Required action:
Retype the listing exactly, minus its pictures.

Data provided:

-.-.-

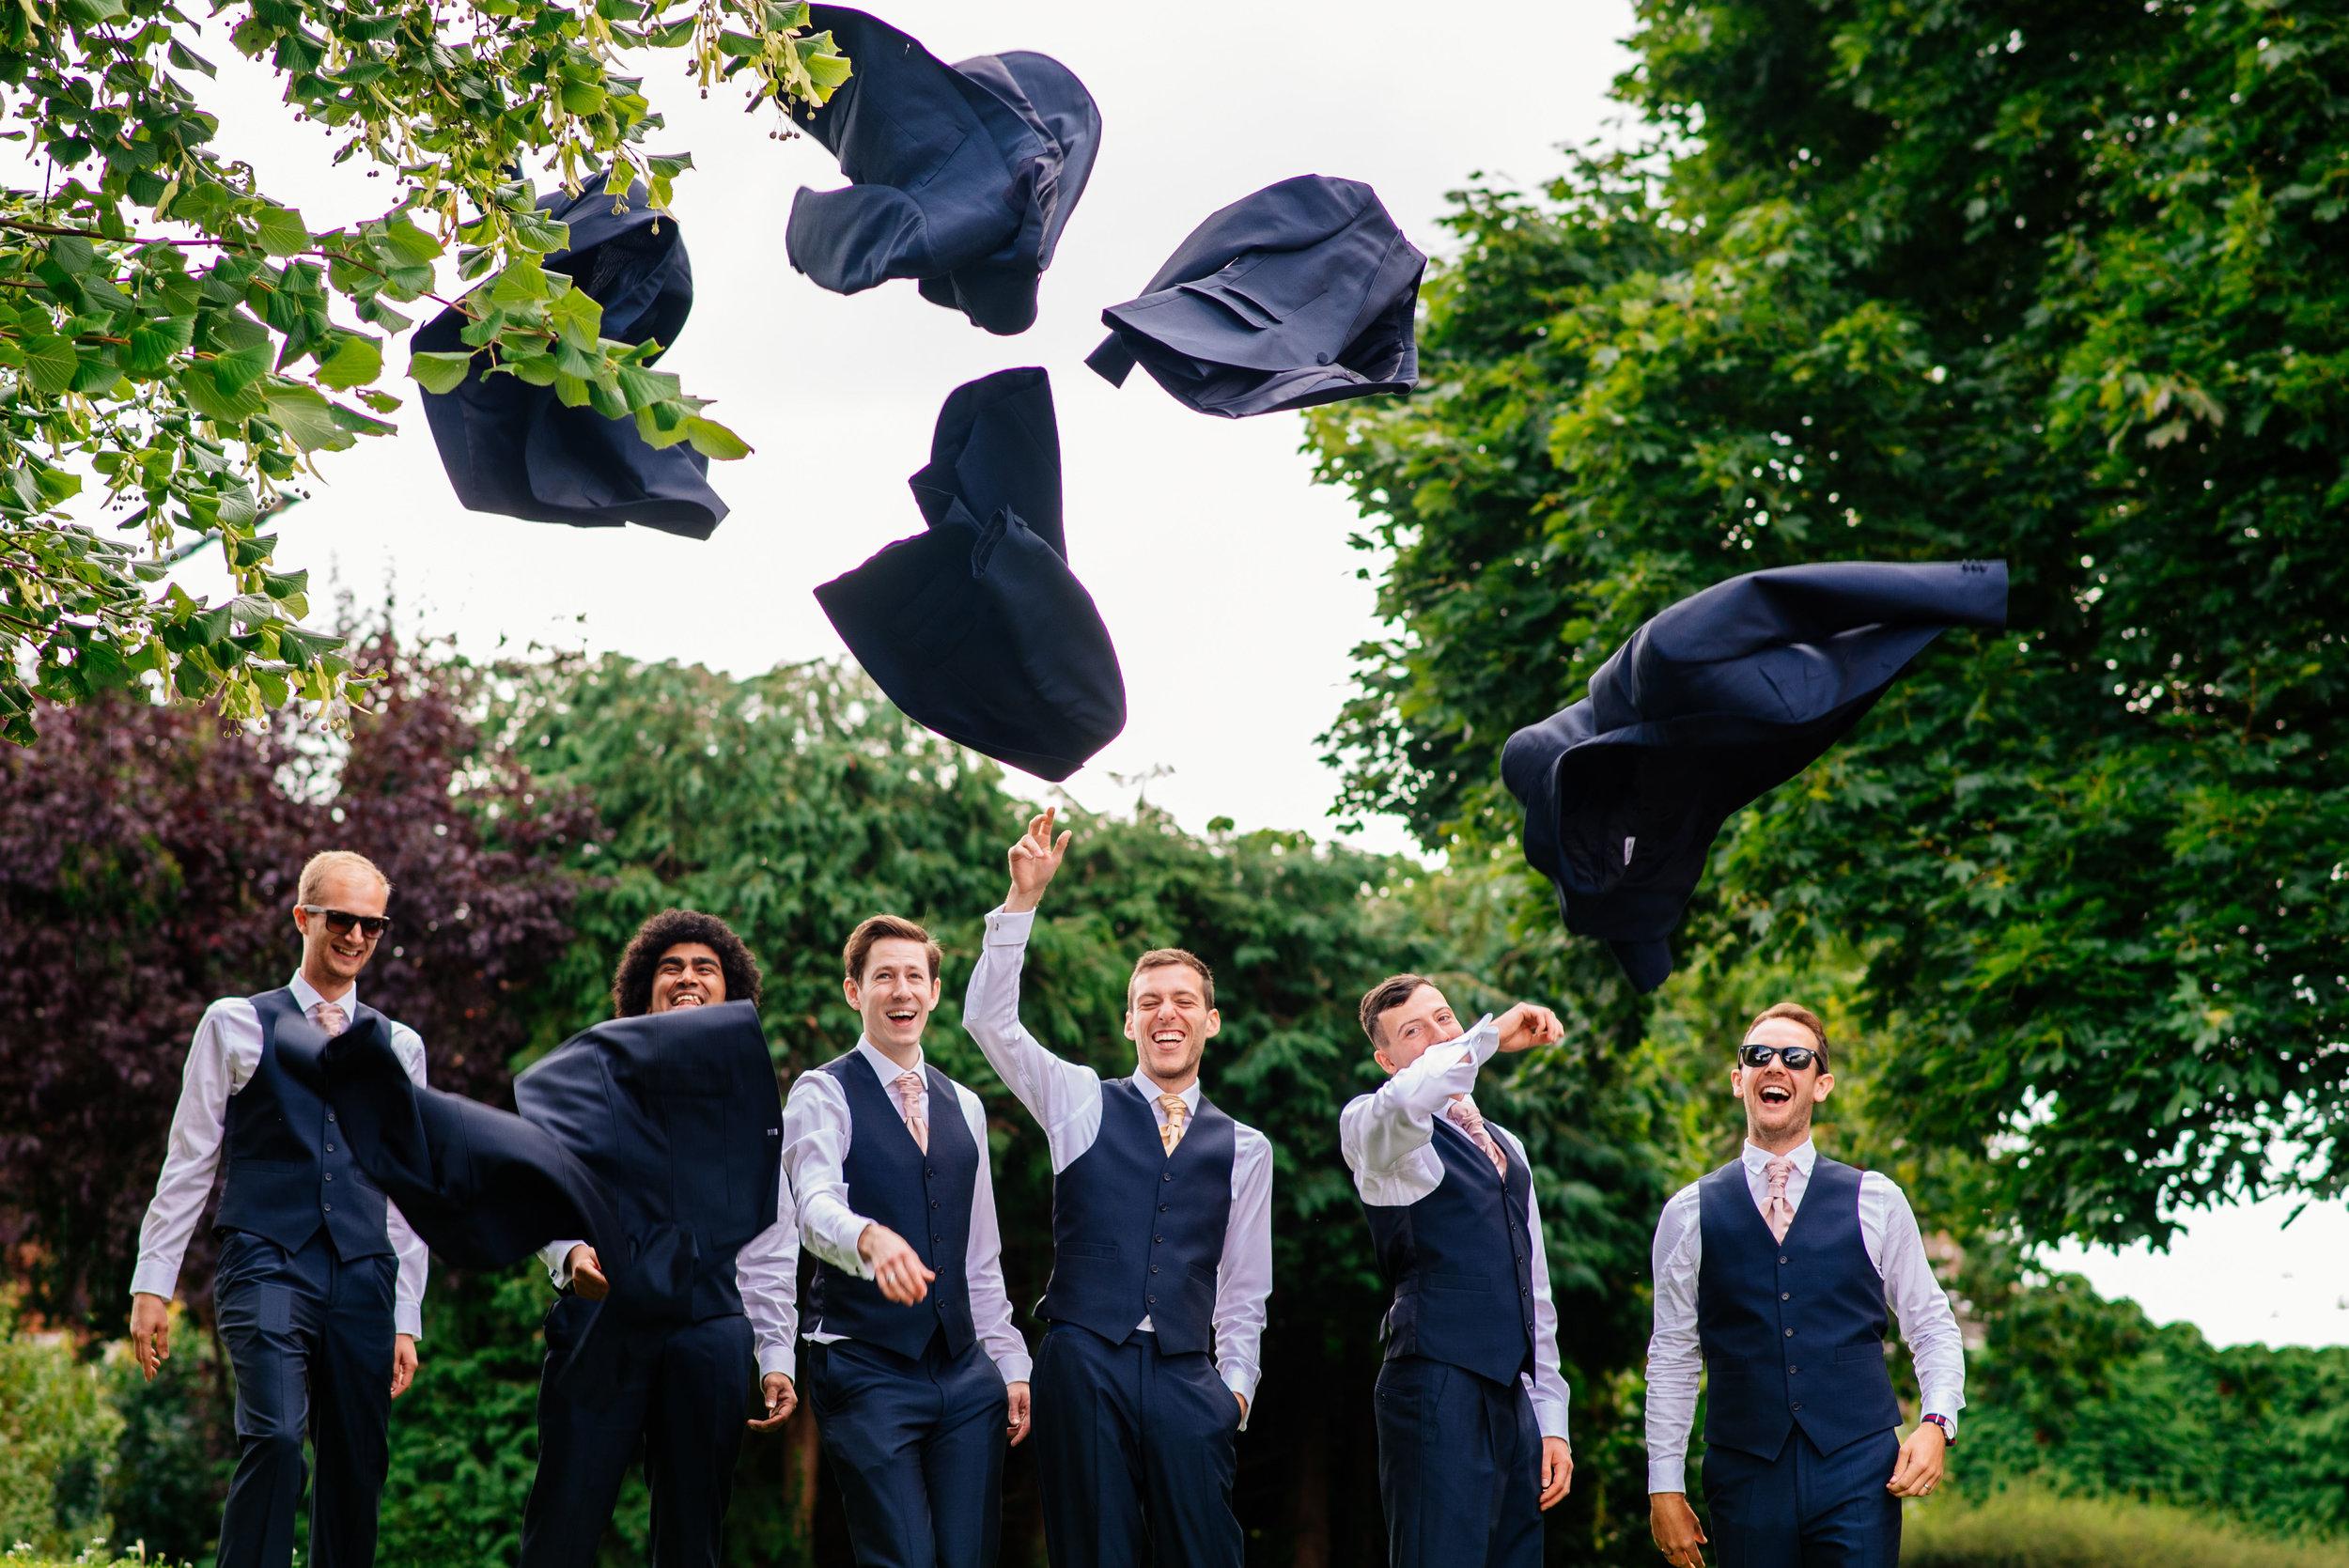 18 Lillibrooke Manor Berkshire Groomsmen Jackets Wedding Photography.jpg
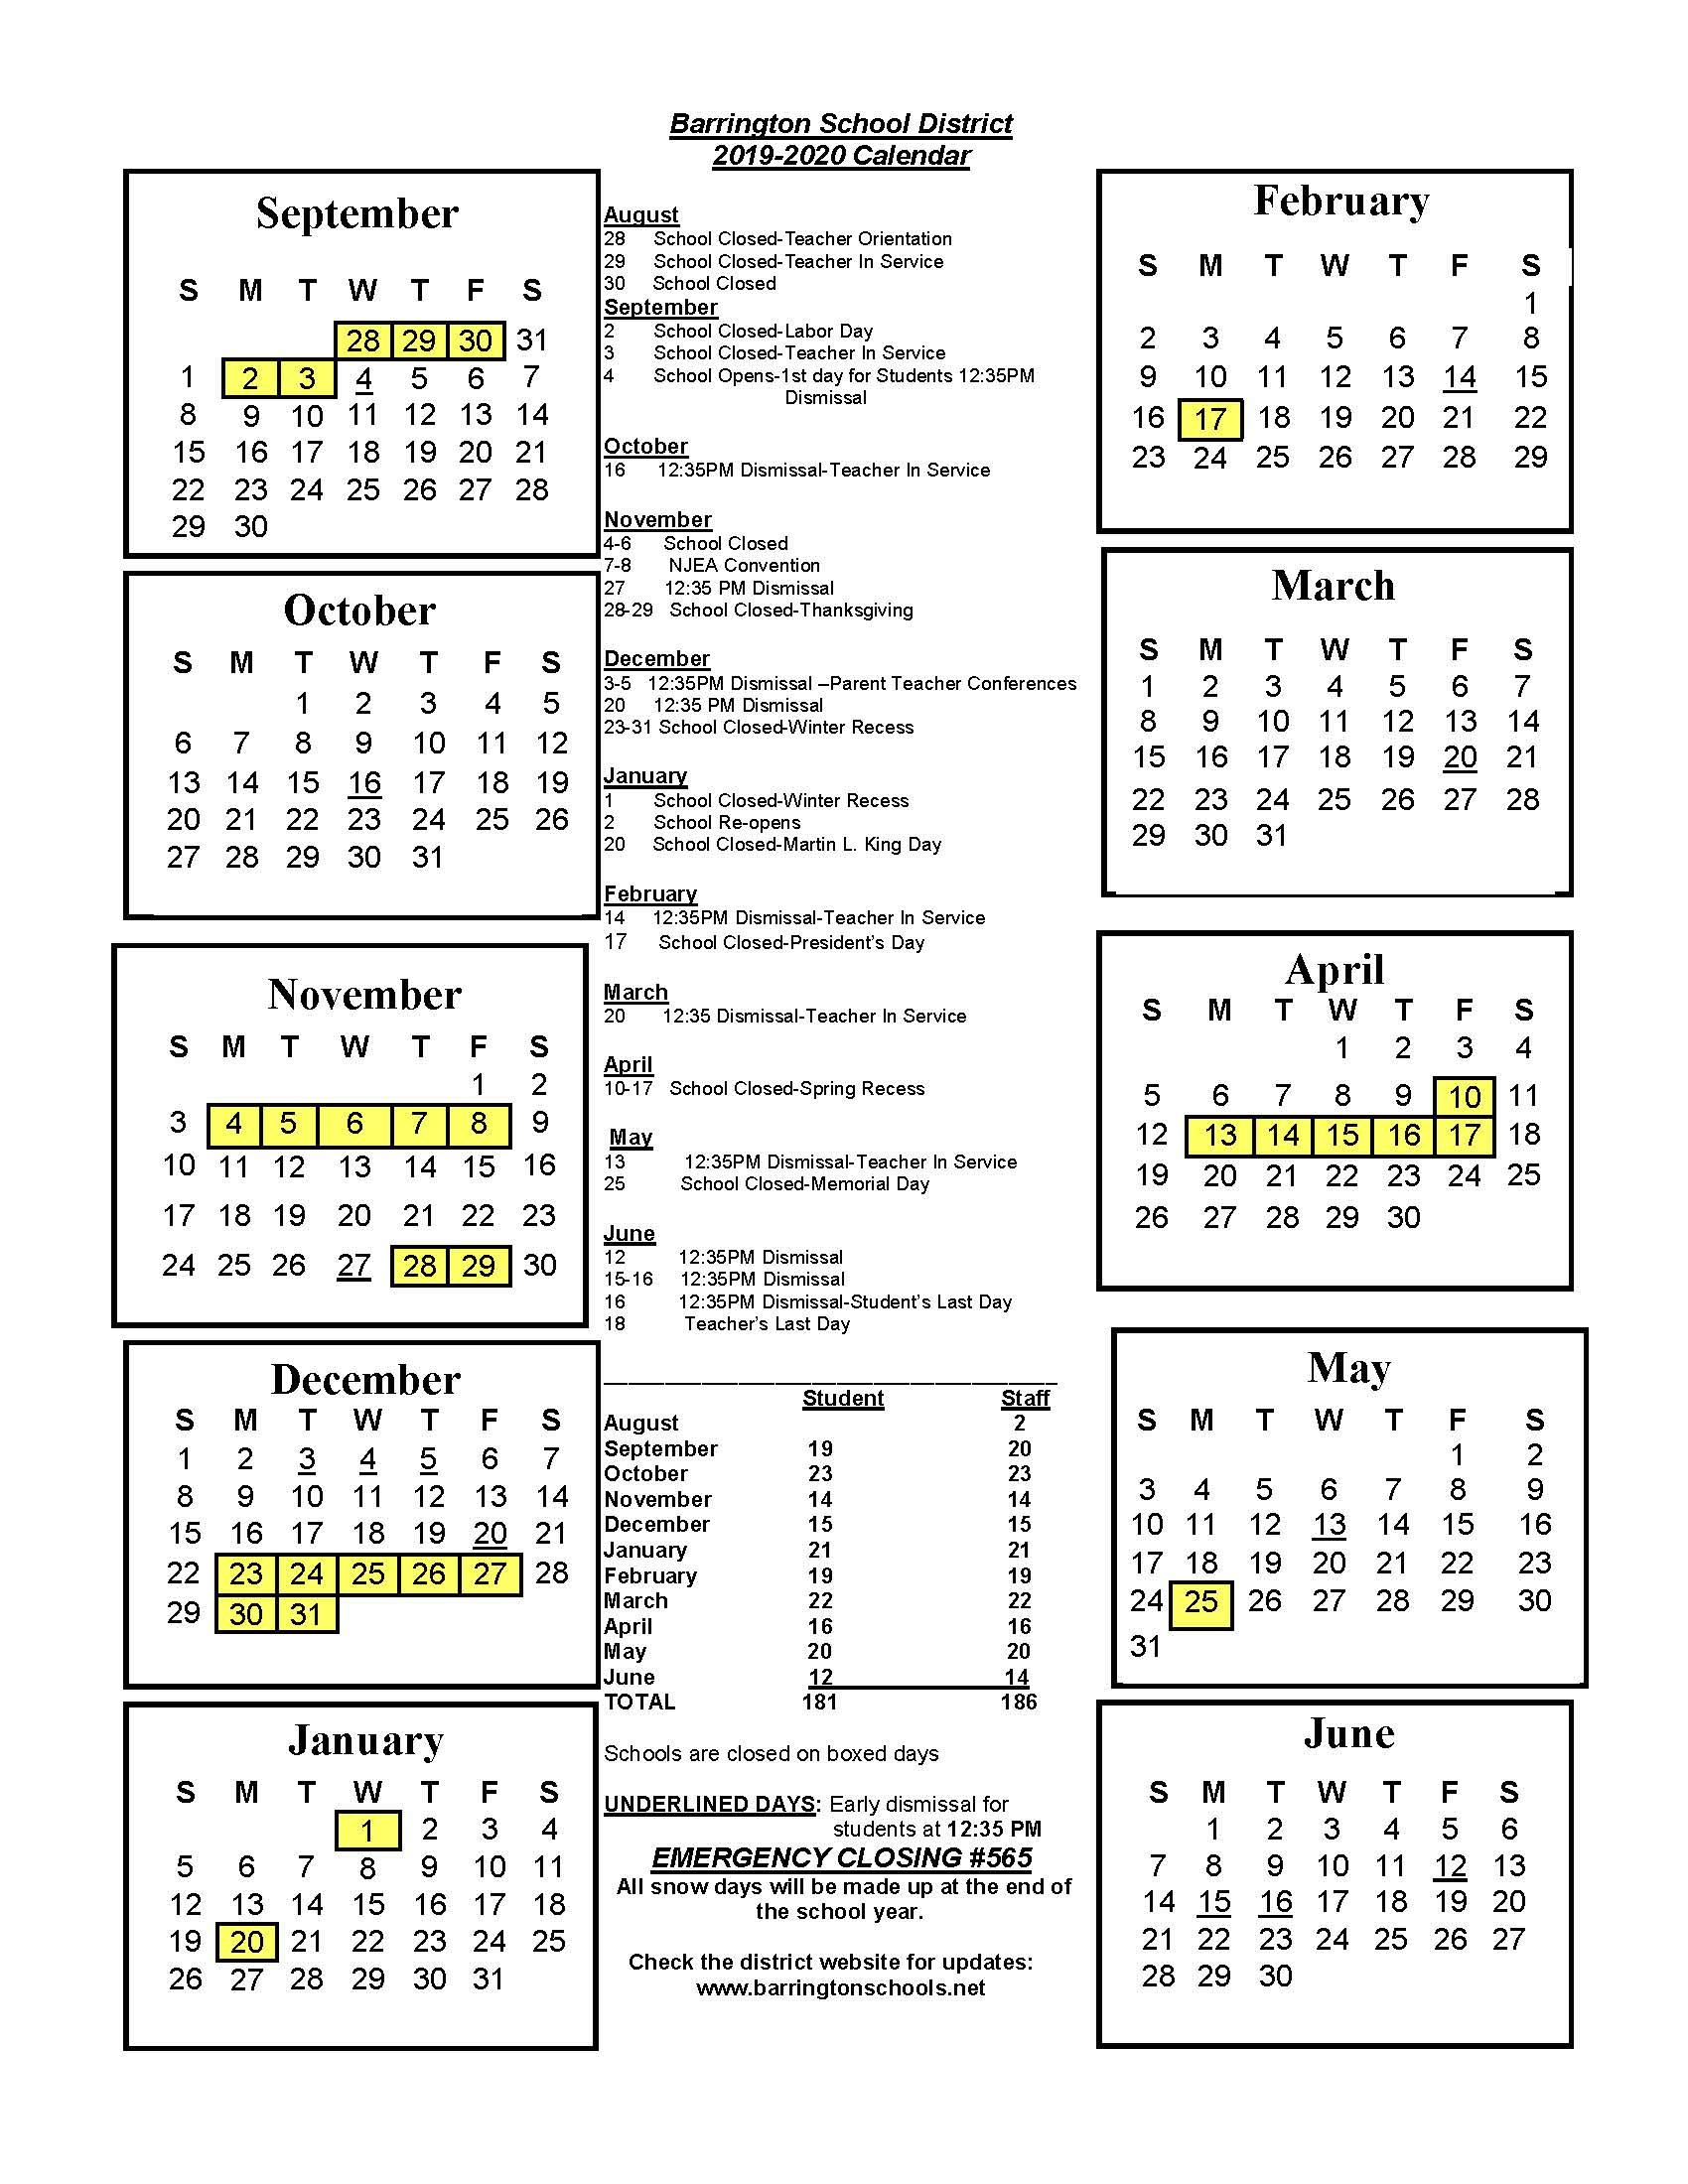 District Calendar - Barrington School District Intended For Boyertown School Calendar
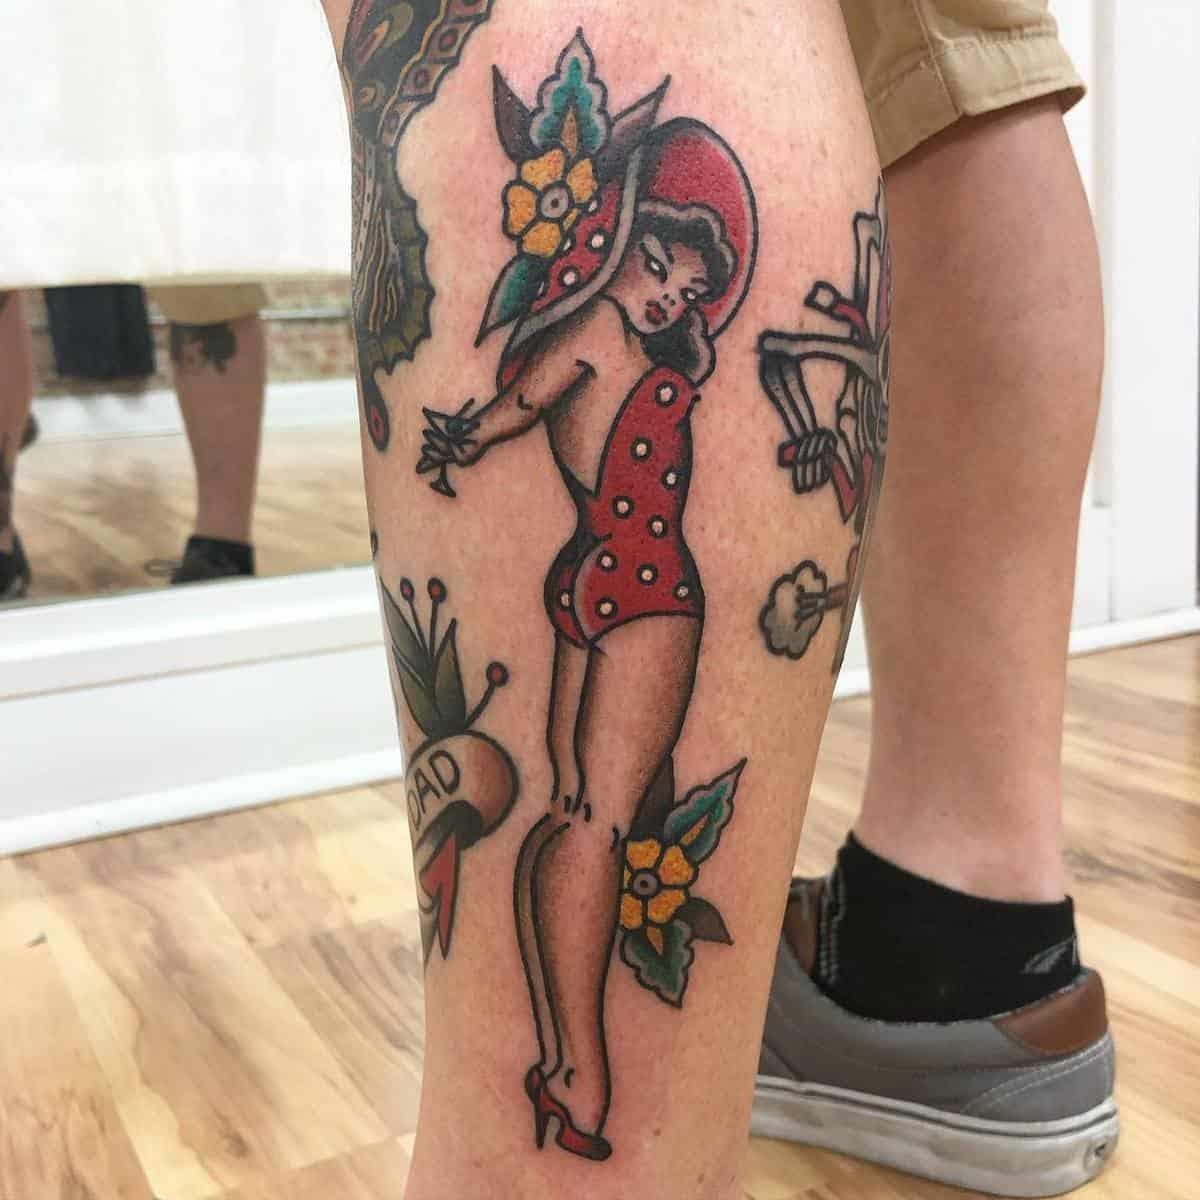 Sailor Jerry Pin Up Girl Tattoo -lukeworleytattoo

-.-.-

Solved exercise:
 18 Lillibrooke Manor Berkshire Groomsmen Jackets Wedding Photography.jpg
 District Calendar - Barrington School District Intended For Boyertown School Calendar
 Sailor Jerry Pin Up Girl Tattoo -lukeworleytattoo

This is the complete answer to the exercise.